Seorang ilmuwan dalam penyelidikannya mengenai sekelompok fenomena, pertama mengumpulkan fakta-fakta tersebut selanjutnya mempelajari berbagai kondisi yang menimpa mereka (sebab-musabab) dan akhirnya menyelidiki kesamaan cara-cara bertingkah laku mereka (hukum-hukum mereka) dan menyusun semua turunannya ke dalam bentuk risalat (laporan) yang sistematis. Di sini tugasnya sebagai seorang ilmuwan berakhir.

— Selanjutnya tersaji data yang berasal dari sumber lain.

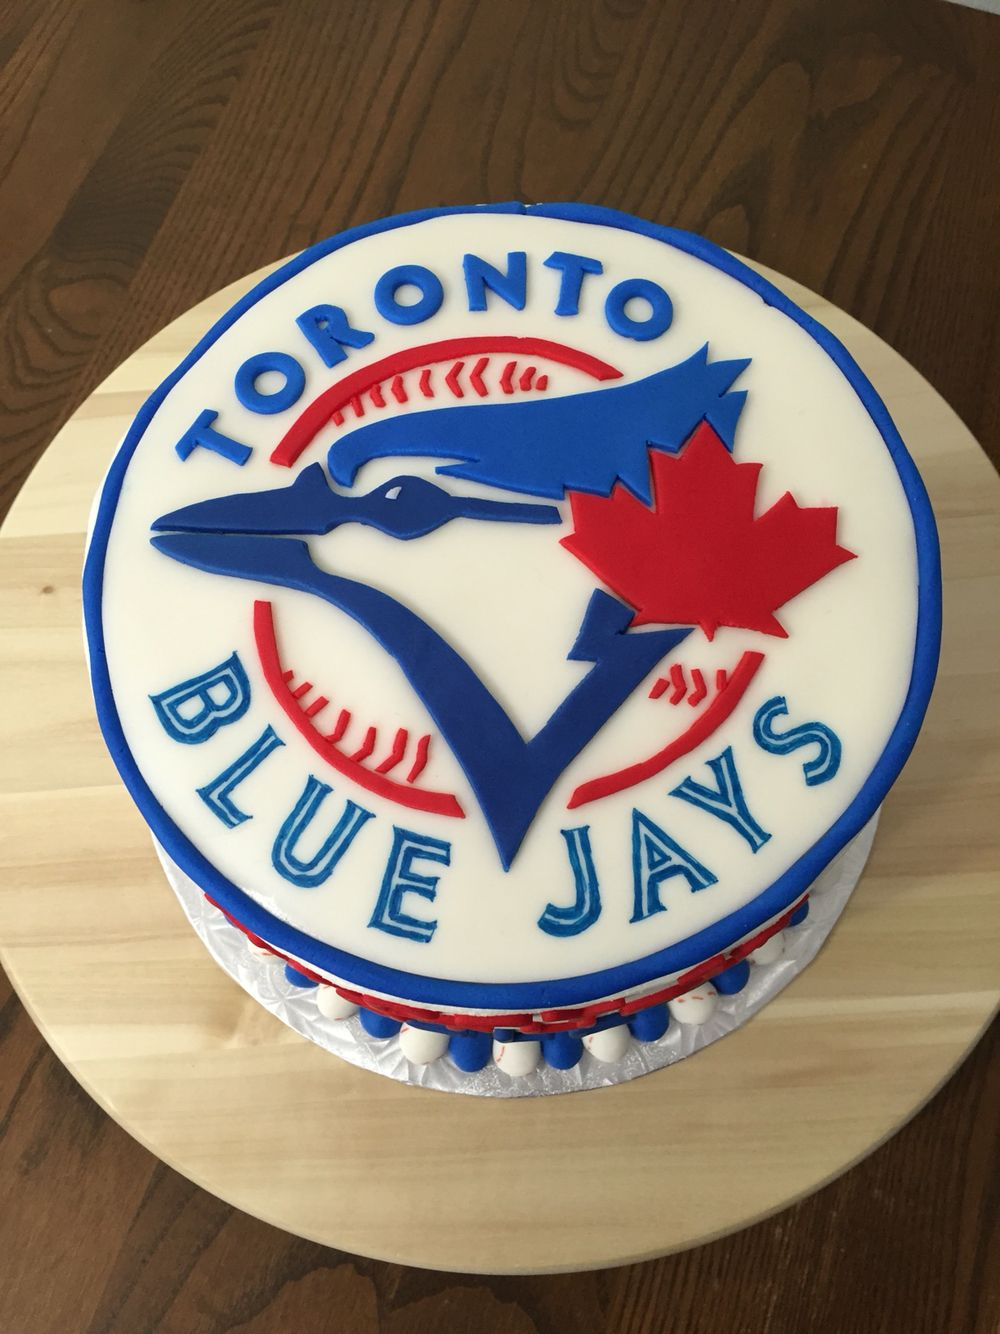 Toronto blue jays logo cake vanilla cake with Venetian cream

Sekarang kita yakin bahwa sain adalah sejenis penjelasan tentang suatu hal untuk mengungkap berbagai kondisi (sebab-musabab) yang terjadi di dalamnya. Misalnya ketika kita menjelaskan demam tipus dengan memperhatikan jenis bacillus (semacam bakteri) tertentu yang hadir secara tetap dalam suatu kasus tertentu. Sain juga merupakan sejenis penjelasan tentang suatu hal untuk mengungkapkan contoh suatu hukum atau keseragaman umum. Misalnya saat kita menunjukkan bahwa sebuah pendulum, dengan terus-menerus. Misalnya saat kita menunjukkan bahwa sebuah pendulum, dengan terus-menerus bergerak sampai ke titik terlemahnya, merupakan contoh hukum umum gravitasi. Semua benda-benda jasmaniah alamiah, seperti pendulum dengan bumi, cenderung saling bergerak ke arah masing-masing. Hal ini juga masih benar, seandainya kita mengatakan bahwa usaha sungguh-sungguh sain bukan penjelasan terakhir tentang berbagai hal. Sain hanya menganalisis dan mengklasifikasikan hukum-hukum tersebut dan menentukan berbagai kondisi yang terjadi atas mereka kemudian merumuskan atau memformulasikan cara-cara mereka bertingkah laku.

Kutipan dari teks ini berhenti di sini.